Cao Zhi New: China is now the severe cases and deaths is also small, we now sum up the characteristics is not necessarily a universal law, combined with the global circumstances. Because the flu is a new influenza, it and previous outbreaks in a number of different, reflected in a feature found in severe cases, the traditional high-risk groups for influenza, is down with the flu are likely to become heavy to those who do not currently able to cover all of the A flow characteristics of high-risk groups, a very important aspect is the traditional high risk of influenza is mainly the elderly, children, people with basic diseases, such as pregnant women, who remains a stream of high-risk groups did not find these people got a flow is particularly light. But there is one exception, the influenza A H1N1 influenza, a number of young people, the original in good health, got sick even after heavy, there may even be death, this phenomenon abroad, who died of severe cases of people and more countries are prominent, China seems to have this phenomenon, this issue should be analyzed so that young people get sick, there are some heavy, will die, which may reflect more of this disease is a new strain, so the general population is not immune barrier, but fortunately the yes, from the current domestic data, where young people got sick after the weight change, and even lead to death is very, very rare phenomenon, compared to about 50,000 cases of confirmed cases died inside the numbers, lower than the proportion of foreign much more. Domestic data also needs to summarize all of this may be a new strain of the virus is somewhat related to some special people who may be very sensitive to physical.

Follow-up: In the past, WHO has been saying that people die young adults is a major, after such a long time, there is no change?

Cao Zhi, the new: There have been published or the death of the foreign population is young.

FENG Zi-jian: Part of the reason is that the current number of cases in children and young adults and more severe, and so the corresponding number of deaths was also high. Number of cases in this age group more than the current stage of view, except, of course, and characteristics of pathogenicity of the virus may have relationship, we can also see old young adults the chance of infection is not high. Now schools are more outbreaks in schools this environment, methods and other environmental exposure is different, children in the school environment, a long contact time, contact proximity, frequency high. The present case, the susceptibility of various age groups is similar, because the exposure to different opportunities, it makes a high incidence of this group, the corresponding number of severe also come up.
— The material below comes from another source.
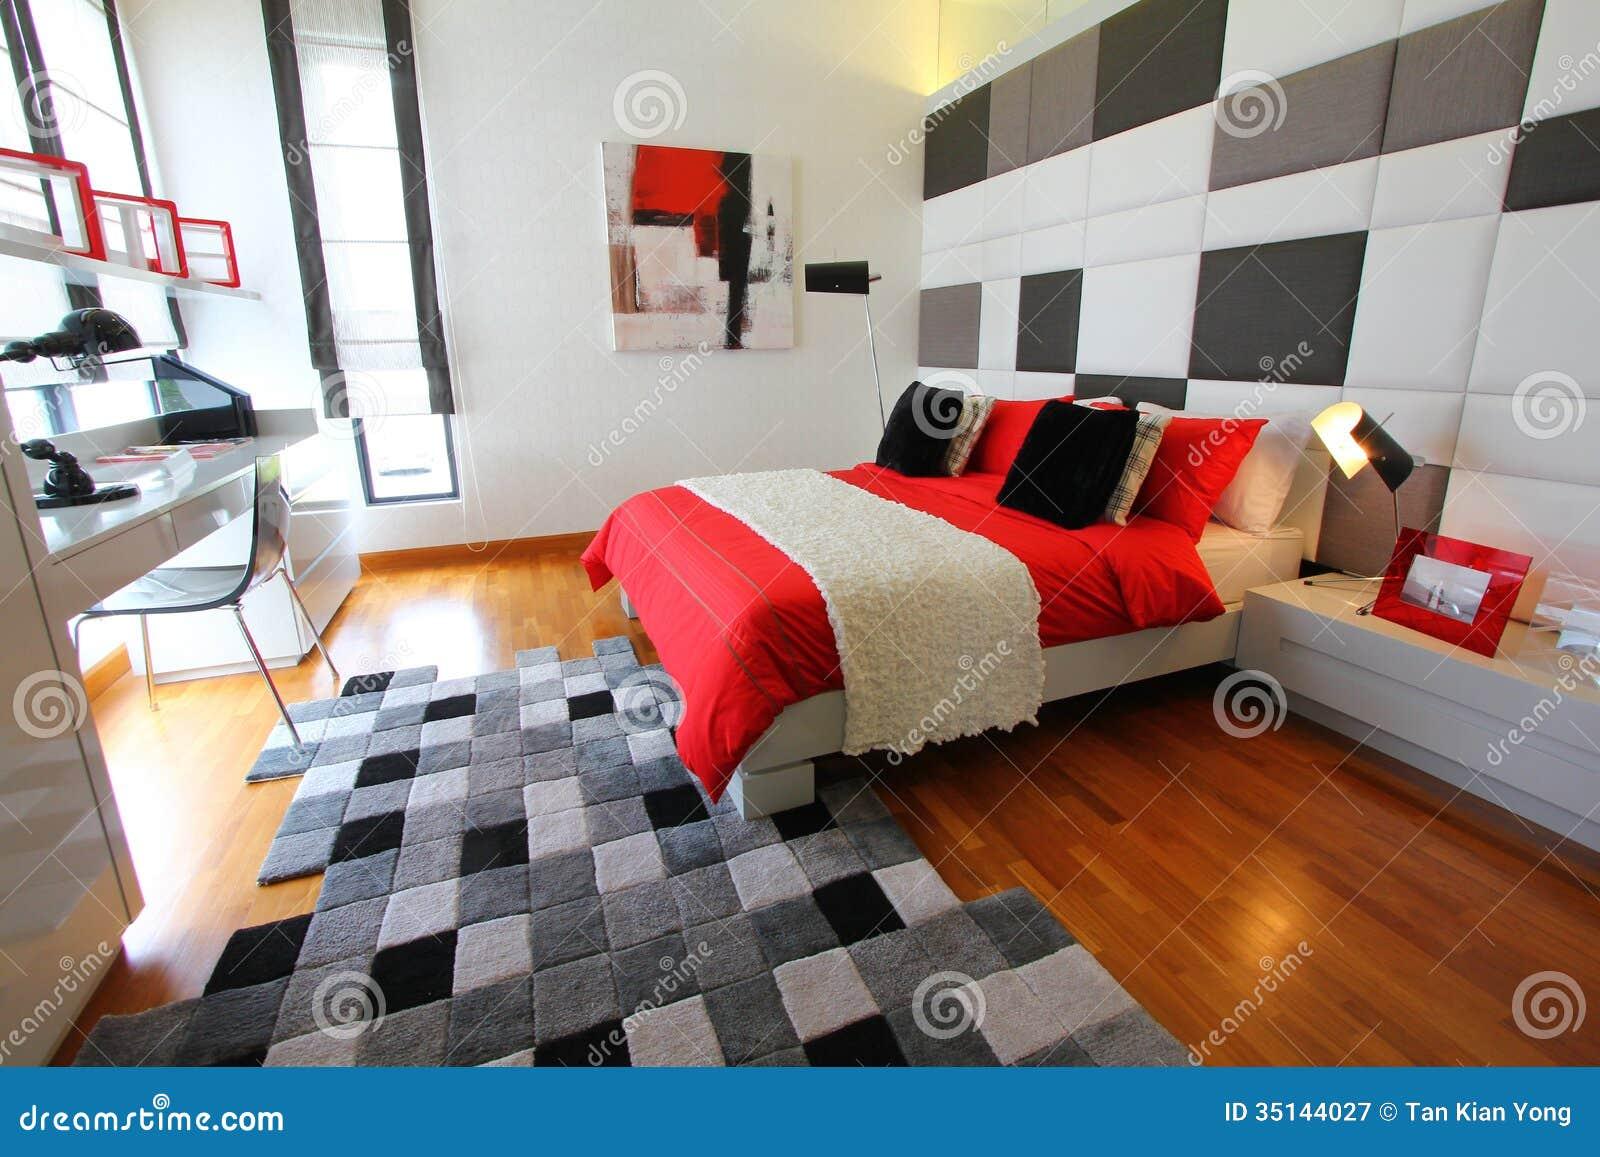 Säubern Sie Modernes Schlafzimmer Stockbild - Bild von modern ...
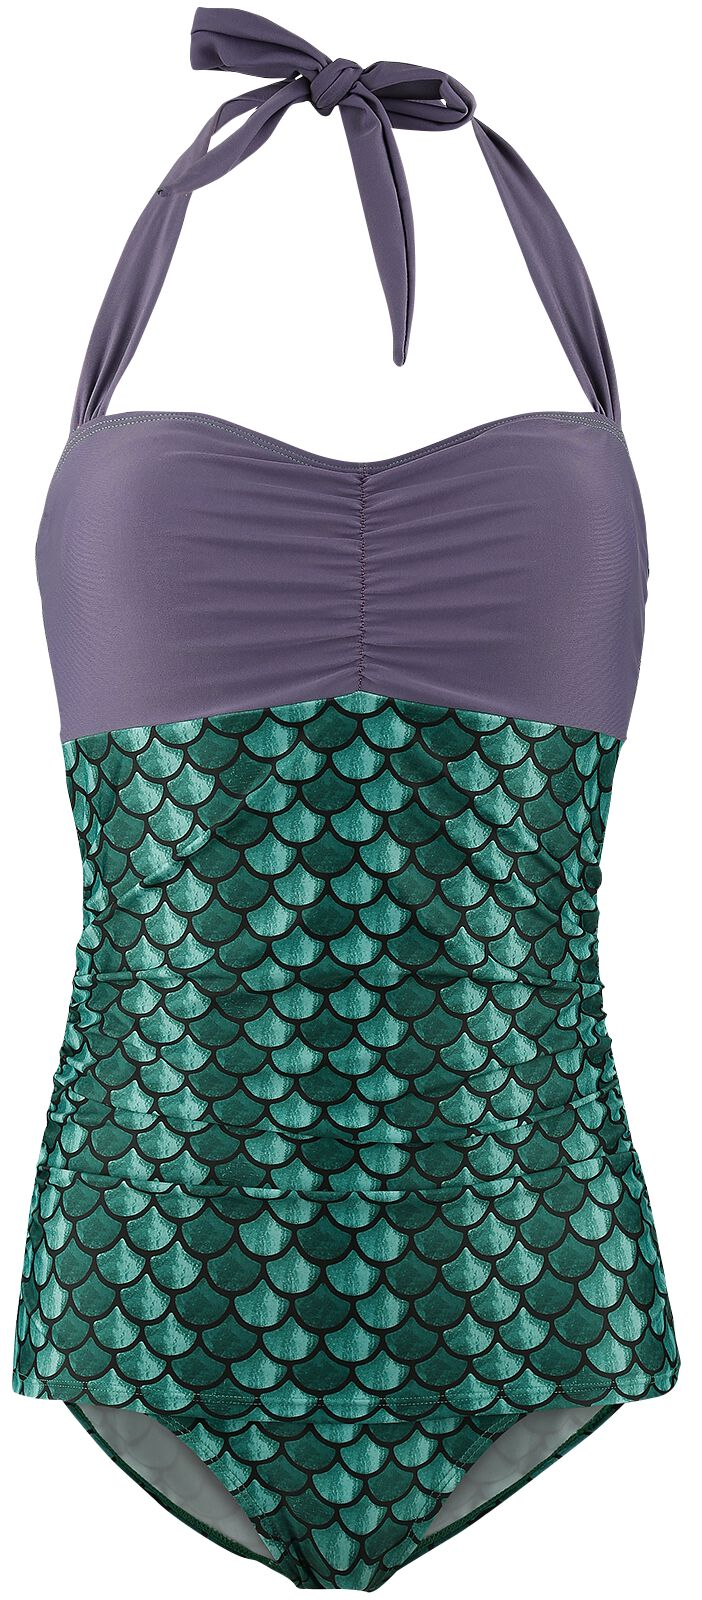 Merch dla Fanów - Odzież kąpielowa - Kostium kąpielowy Ariel - Mała Syrenka Costume Swimsuit Kostium kąpielowy wielokolorowy - 342856

If we look at the incidence of severe cases account for the proportion of all ages, young people are not necessarily the highest.

Shen Ying: On the Influenza A H1N1 influenza virus is characterized by: the universal susceptible populations, spread fast, but most patients are light, only a few patients with severe or even critically ill patients. For the mild patients, we advocate a good rest, drink plenty of water, symptomatic treatment, because the main symptoms of mild patients in the first three days, fever in 38.5 degrees below the therapeutic effects of Chinese medicine is better. For critically ill patients, one is severe, one is critically ill patients, patients with severe and persistent high fever, severe cough, phlegm, chest tightness, lips purple, and even sanity some changes, such as restlessness, convulsions, severe nausea, vomiting, there is the clinical manifestation of pneumonia, some patients that there are chronic diseases, on this basis and then got a stream prone to complications. For critically ill patients, we advocate that antiviral therapy. For critically ill patients, mainly divided into two types, one is respiratory failure type, one is shock-type, complicated by multiple organ failure, need for intensive care for emergency medical treatment. We are now advocating to strengthen the early identification of critically ill patients, early diagnosis, early treatment, according to foreign and domestic experience, the former two or three days is very important, this is a window period, during which patients were observed such a situation, it is necessary immediately to the hospital for treatment .
Cao Zhi New: Why did you say is possible for three days without fever patients? This is statistics, not an expert slap your head and say Shibuguosan. Is because our survey of 1054 cases of early domestic A flow of patient information, it is important that we have to statistical variation of body temperature of these patients, the figure is: when the incidence of the third day, these patients, the average temperature is 37 degrees, 3 days Basically, both within the burned back down. Therefore, we feel that from the point of view mean that the vast majority of patients improve within 72 hours, and if 72 hours is not good, very few of these groups, it may be a potential critically ill patients. So, to say the number is a three-day fever more than 1000 cases of pre-basis for. These people for three days, the average temperature is 37 degrees, but not measured once a day, sometimes high sometimes low, the highest mean temperature was 37.5 degrees, is also very close to normal, this is our time to do 7-8 months statistics.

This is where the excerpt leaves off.